Fin 2015, la coque construite à l'envers est terminée et tournée. Franz Köhn fabrique ensuite l'ossature du pont à partir de bois de conifères et de chêne, puis la recouvre de contreplaqué de construction navale de dix millimètres d'épaisseur.
Les planches de fond sont en mélèze, le safran en acajou et en fibre de carbone. De nombreuses solutions de ce type occupent Franz Köhn en théorie, qui y prend autant de plaisir qu'à l'exécution artisanale elle-même. Il recouvre par exemple l'épée en bois profilée d'une fine couche de plomb pour qu'elle puisse bien s'abaisser. Pour obtenir des ferrures en bronze adaptées au style, Köhn se rend chez Dauelsberg à Delmenhorst et chez Toplicht à Hambourg. Ce qu'il ne peut pas obtenir là-bas, il le fabrique lui-même.
Köhn colle le profil creux du mât à partir de 16 lattes d'épicéa, il construit les blocs de bois de ses propres mains. Et lorsque tous les travaux de peinture sont terminés, les ferrures montées et les voiles livrées et accrochées, il part avec sa femme pour ce voyage inaugural sur le lac de Schwerin. Non sans avoir célébré au préalable un baptême en bonne et due forme. "Quand je disparaissais dans l'atelier, ma femme disait toujours : "Alors, tu retournes en thérapie ?", dit Franz Köhn en riant. Et tandis qu'il resserre l'écoute et fait remonter son bateau de rêve au vent, un sourire se dessine sur son visage. Et cela se voit clairement : Sa thérapie est efficace.

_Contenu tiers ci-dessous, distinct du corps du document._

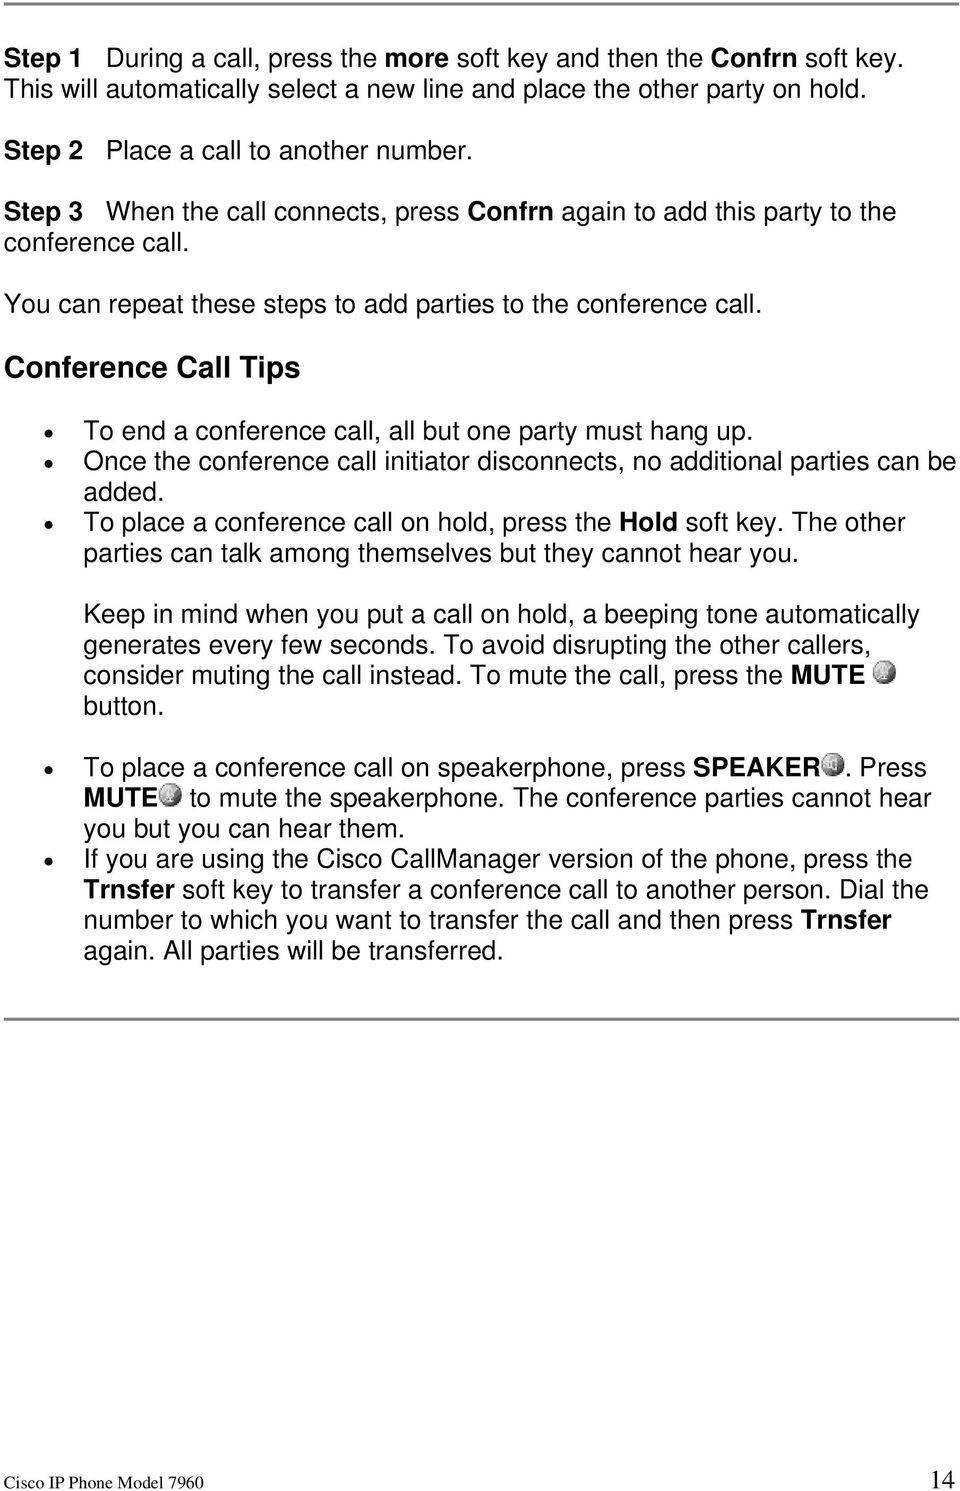 Conference Call Tips To end a conference call, all but one party must hang up. Once the conference call initiator disconnects, no additional parties can be added.
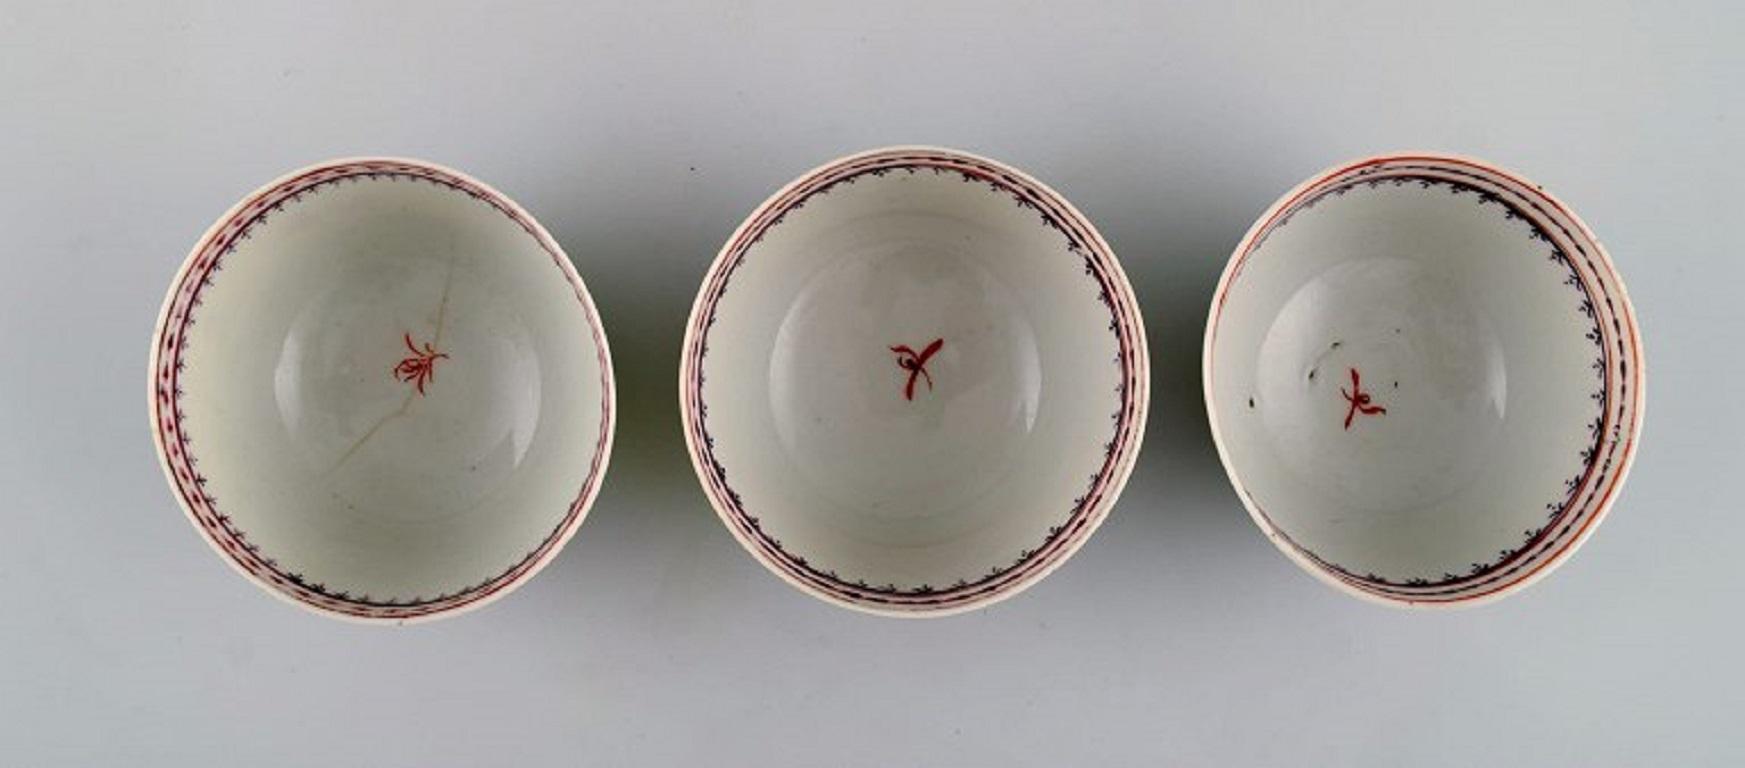 Three Antique Chinese Teacups in Hand-Painted Porcelain, Qian Long '1736-1795' In Excellent Condition For Sale In Copenhagen, DK

Le bateau à quille ouverte a été développé en 1898 par le célèbre constructeur américain Nathanael Greene Herreshoff pour la régate, conformément aux idées de l'époque. Le gréement en gaffes était considéré comme avantageux à cet effet pour différentes raisons. La dérive est due à la zone côtière de Buzzard's Bay, peu profonde, située sur la côte est américaine, au sud-est de l'État du Massachusetts. Ce bateau était le deuxième d'une série de One-Designs de Herreshoff, qui étaient très répandus dans la région. Aujourd'hui, il n'existe plus que quelques exemplaires historiques. Les plans complets se trouvent au Massachusetts Institute of Technology (MIT), des dessins simples sont disponibles auprès de Mystic Sea Port ( www.mysticseaport.com ).
Nathanael Greene Herreshoff, surnommé le "magicien de Bristol" ou tout simplement le "capitaine Nat", a dominé le yachting international au tournant du siècle. Ses constructions remportaient généralement l'America's Cup lorsqu'elles étaient au départ, et de nombreuses inventions révolutionnaires dans la construction de yachts apparaissaient pour la première fois sur ses constructions. Le conglomérat de chantiers navals Herreshoff Manufacturing Company, fondé avec son frère John Brown Herreshoff, employait à l'époque plus de 300 personnes et était en mesure de fabriquer lui-même tout ce qui était nécessaire sur un bateau. L'entreprise était également pionnière dans d'autres domaines. Des constructions extrêmement légères, des matériaux inhabituels et des temps de construction toujours incroyablement courts en ont fait, du vivant même de ses propriétaires, une forge légendaire pour l'extraordinaire. En tant que navigateur, "NGH" jouissait également d'une excellente réputation et, jusqu'à un âge avancé, il suivait les régates dans son bassin d'origine au large de Newport à bord de son propre yacht à vapeur. Aujourd'hui, l'héritage de ce grand constructeur se trouve au Musée Herreshoff d'admirer.
Cet article a été publié pour la première fois dans le numéro 21/2020 de YACHT et a été révisé pour cette version en ligne.